::: Excerpted data

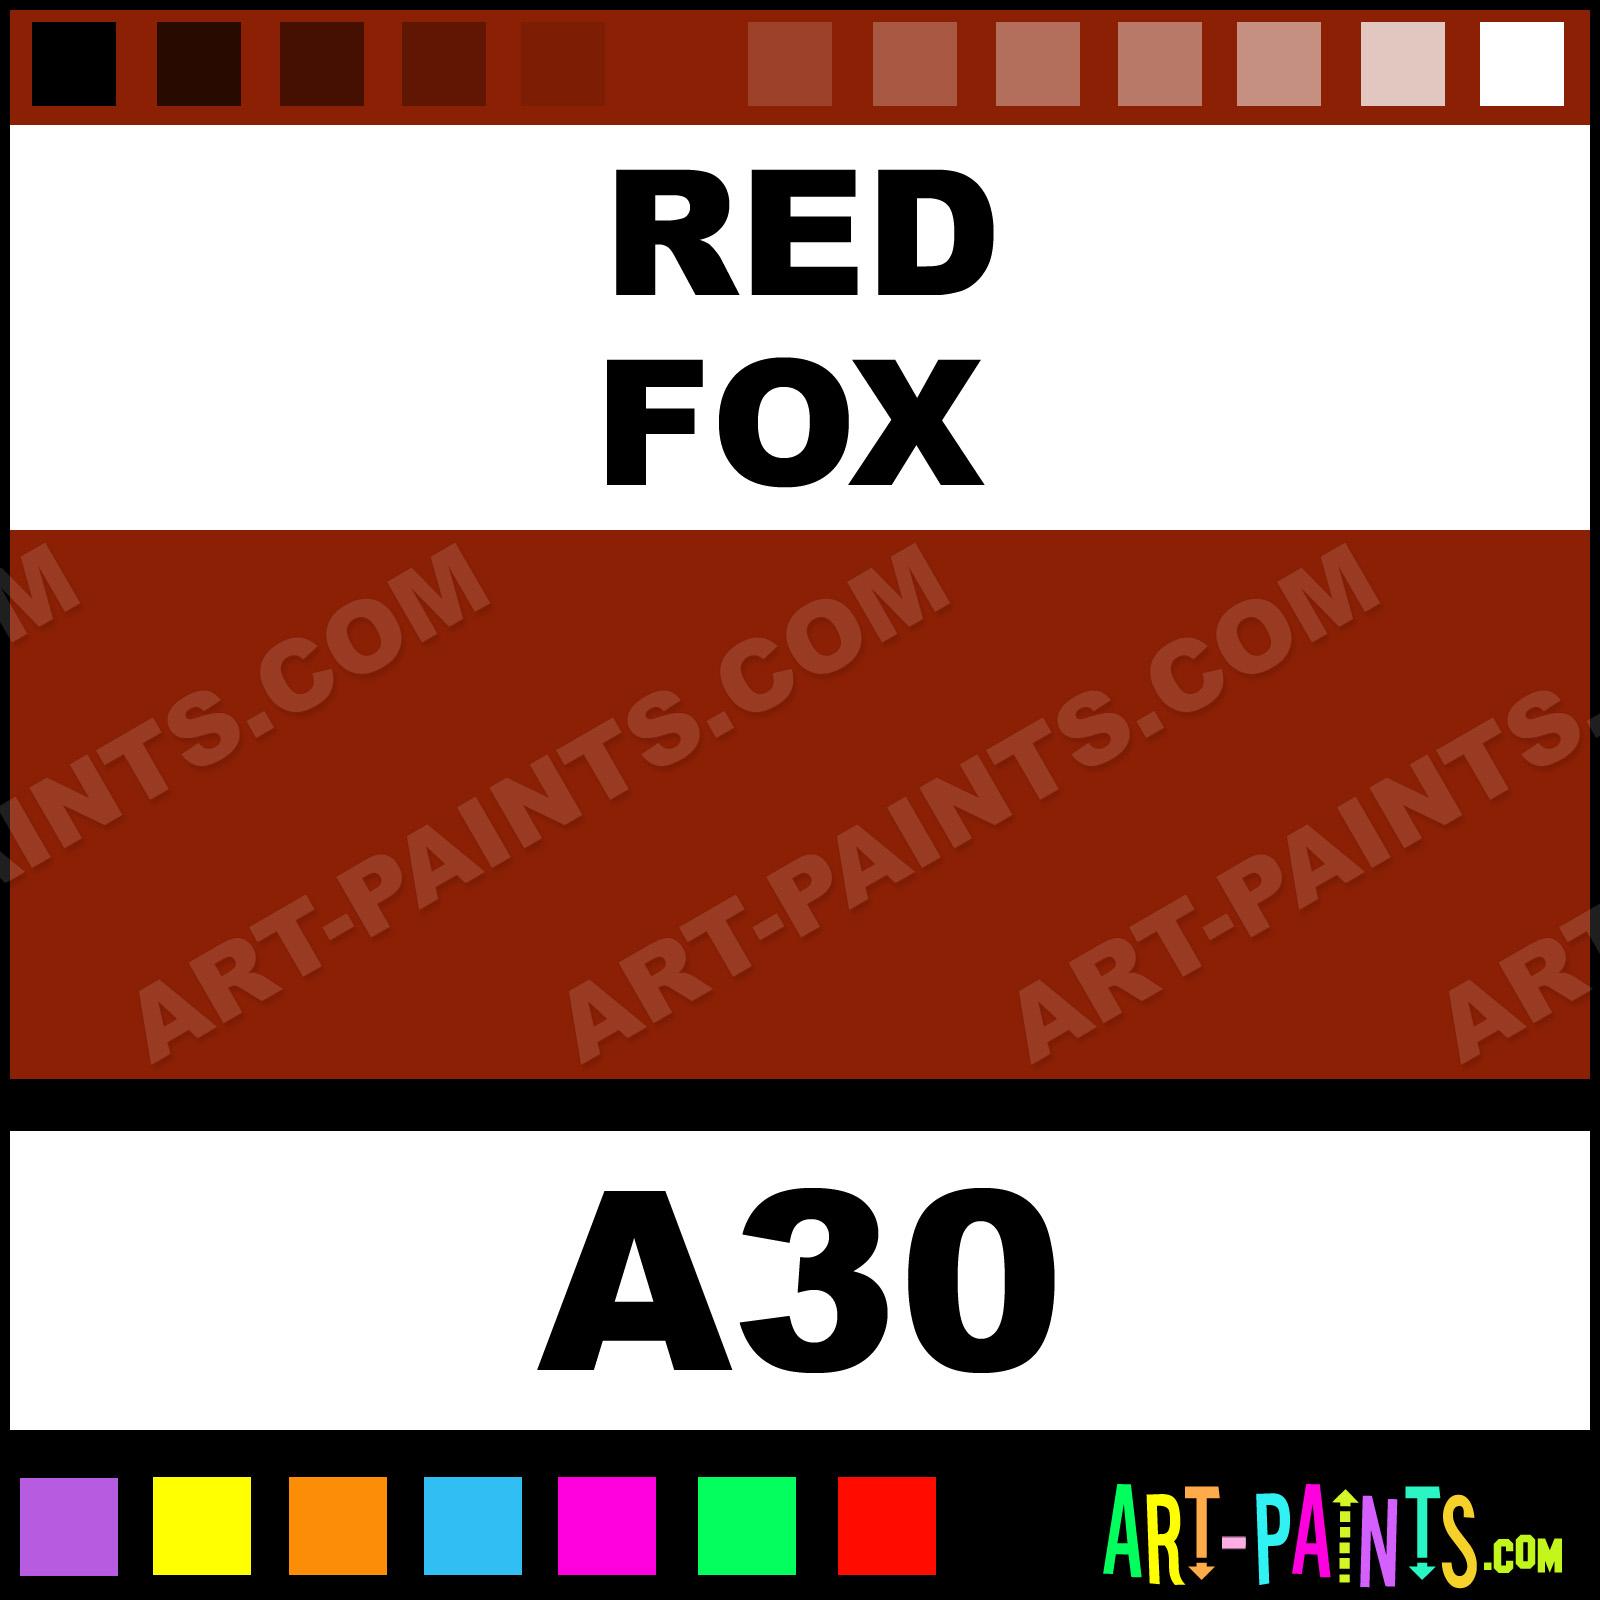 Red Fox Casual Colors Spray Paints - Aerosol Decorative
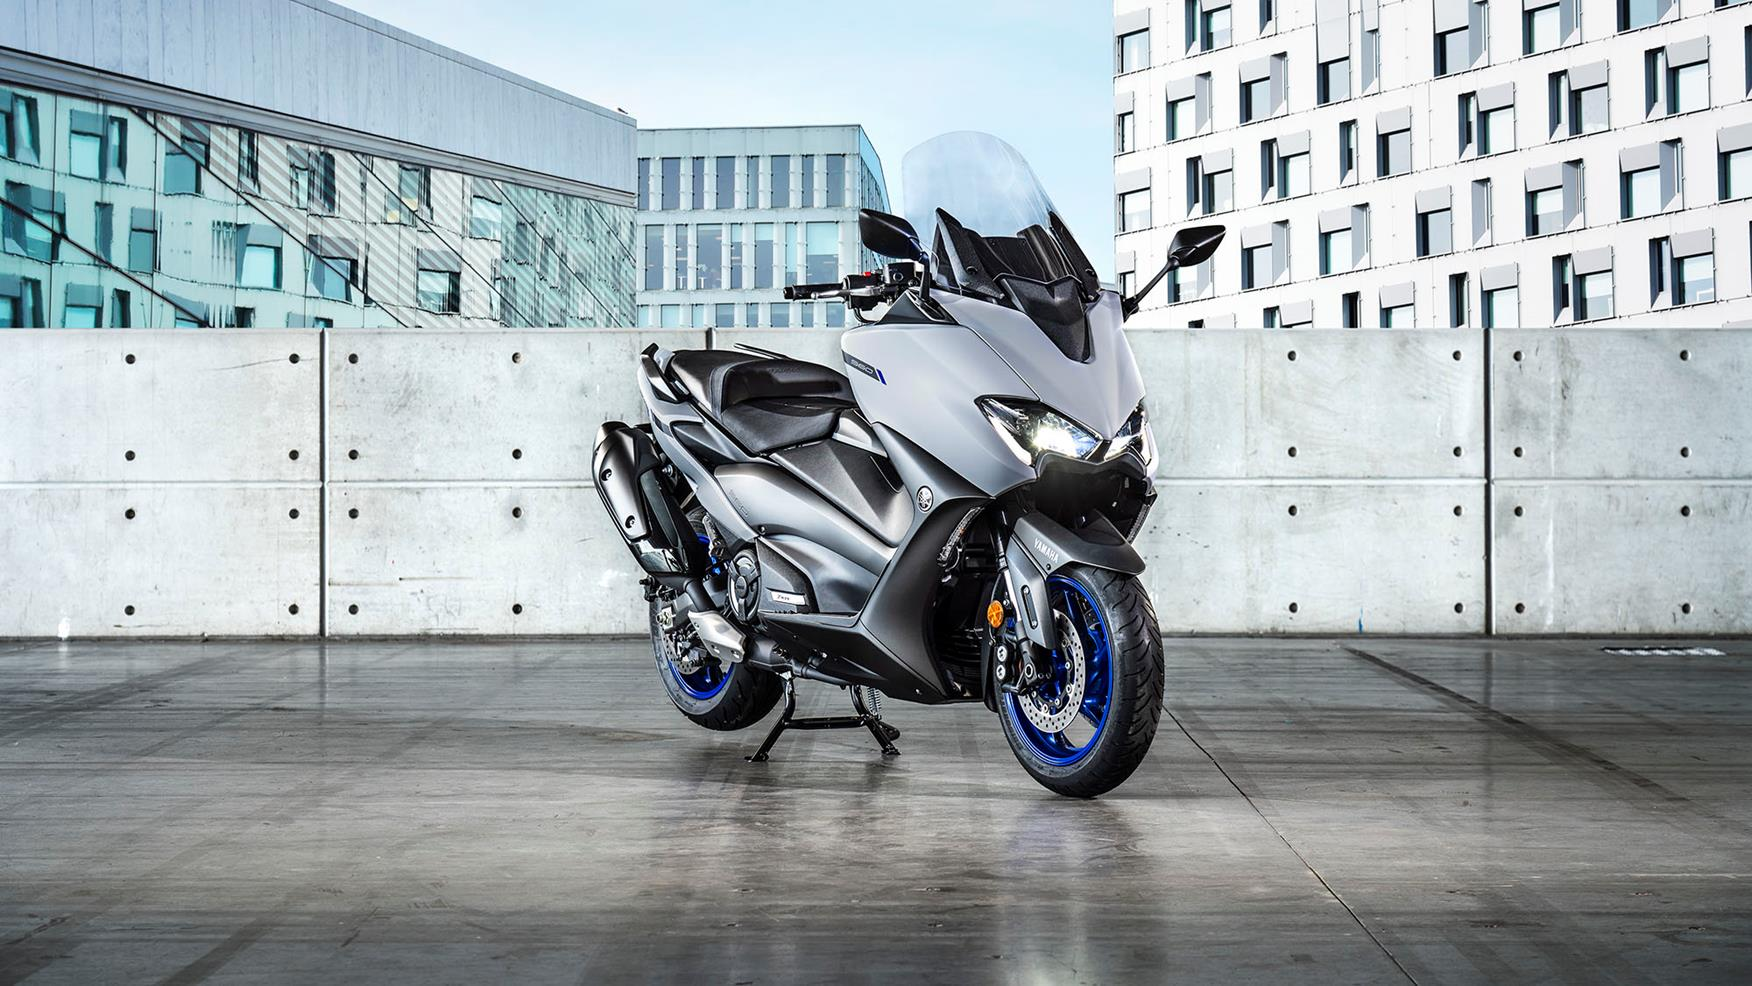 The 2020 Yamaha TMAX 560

::::::
::: Excerpted data

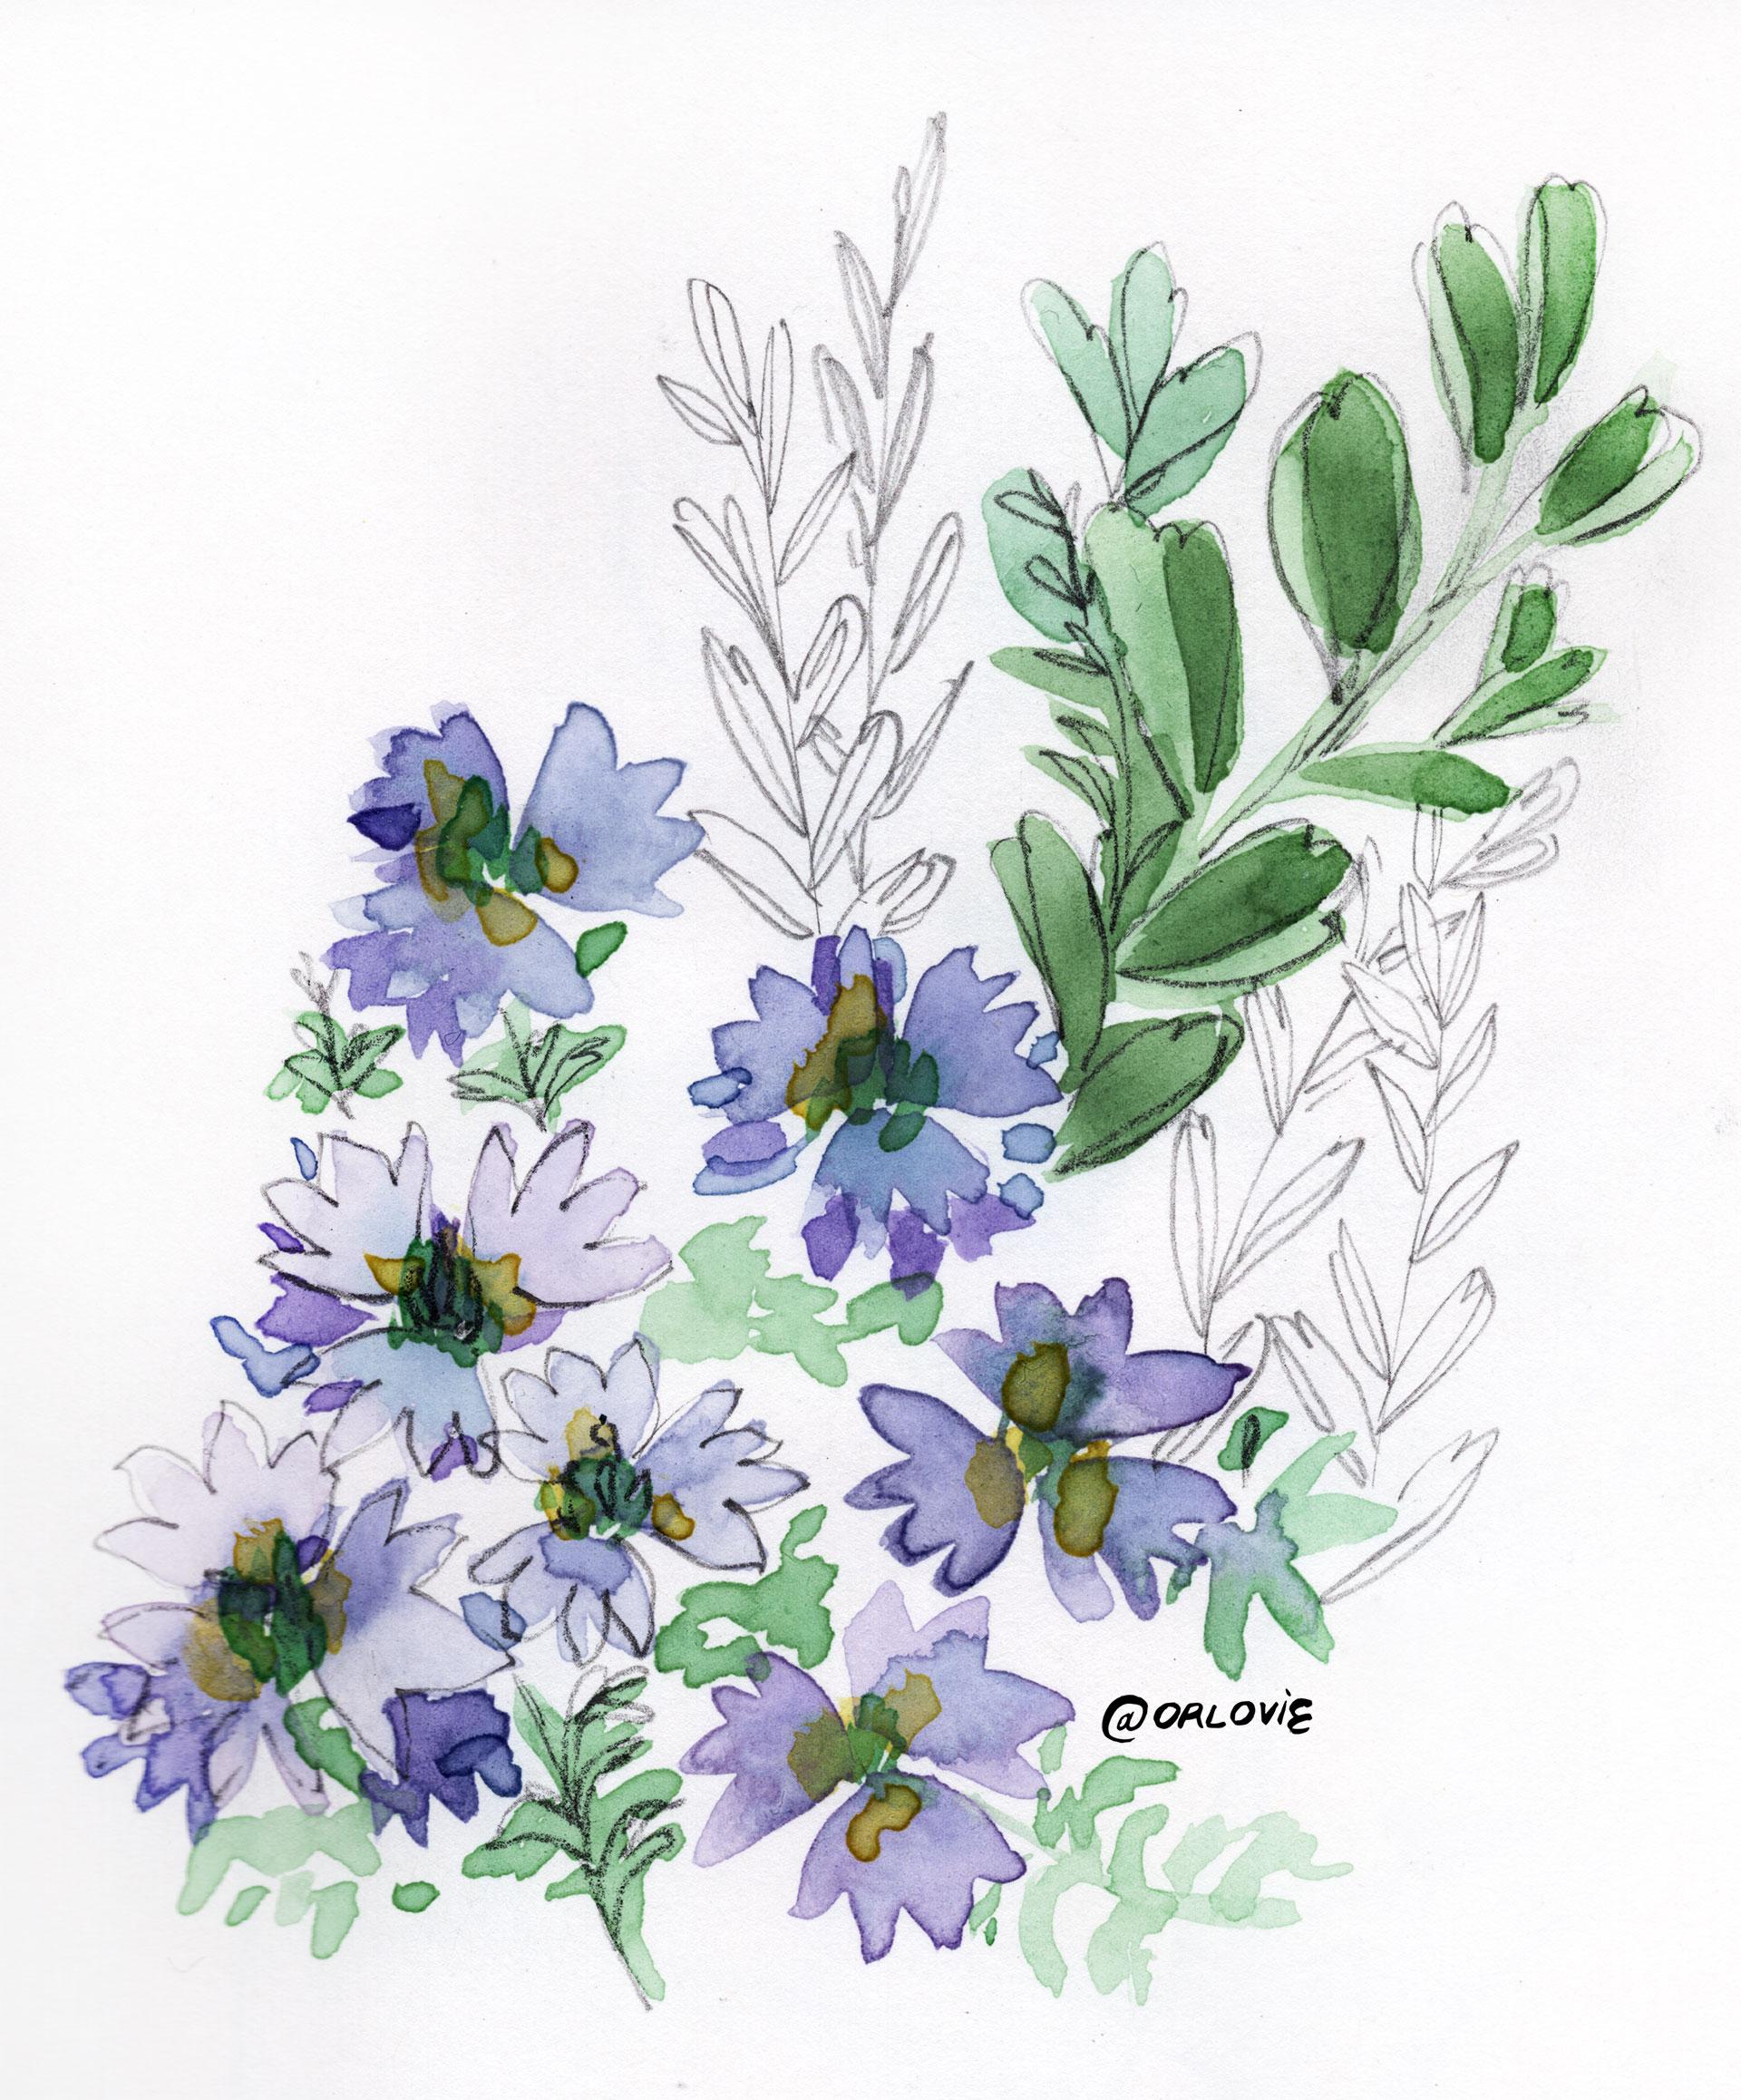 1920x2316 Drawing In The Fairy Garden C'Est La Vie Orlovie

::::::
::: Excerpted data

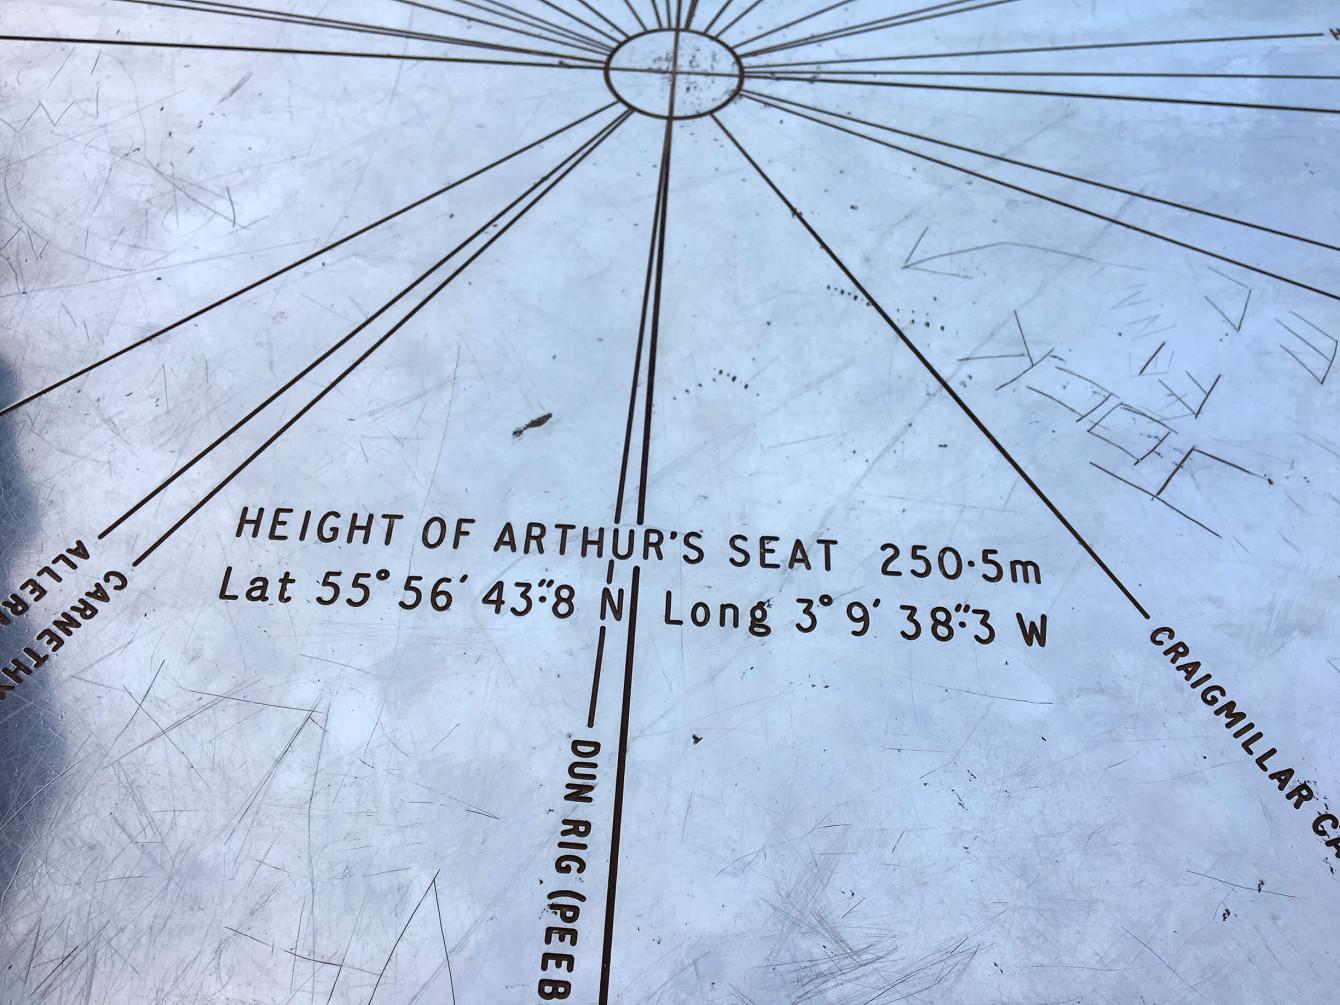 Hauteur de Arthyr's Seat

::::::

Aim of the exercise:
Working from the data above, repeat exactly, and only, the lines that begin at the line containing "Red Fox Casual" and stop after the line containing "The 2020 Yamaha TMAX 560"; pictures are not copied.

Answer area:
 Red Fox Casual Colors Spray Paints - Aerosol Decorative
 The 2020 Yamaha TMAX 560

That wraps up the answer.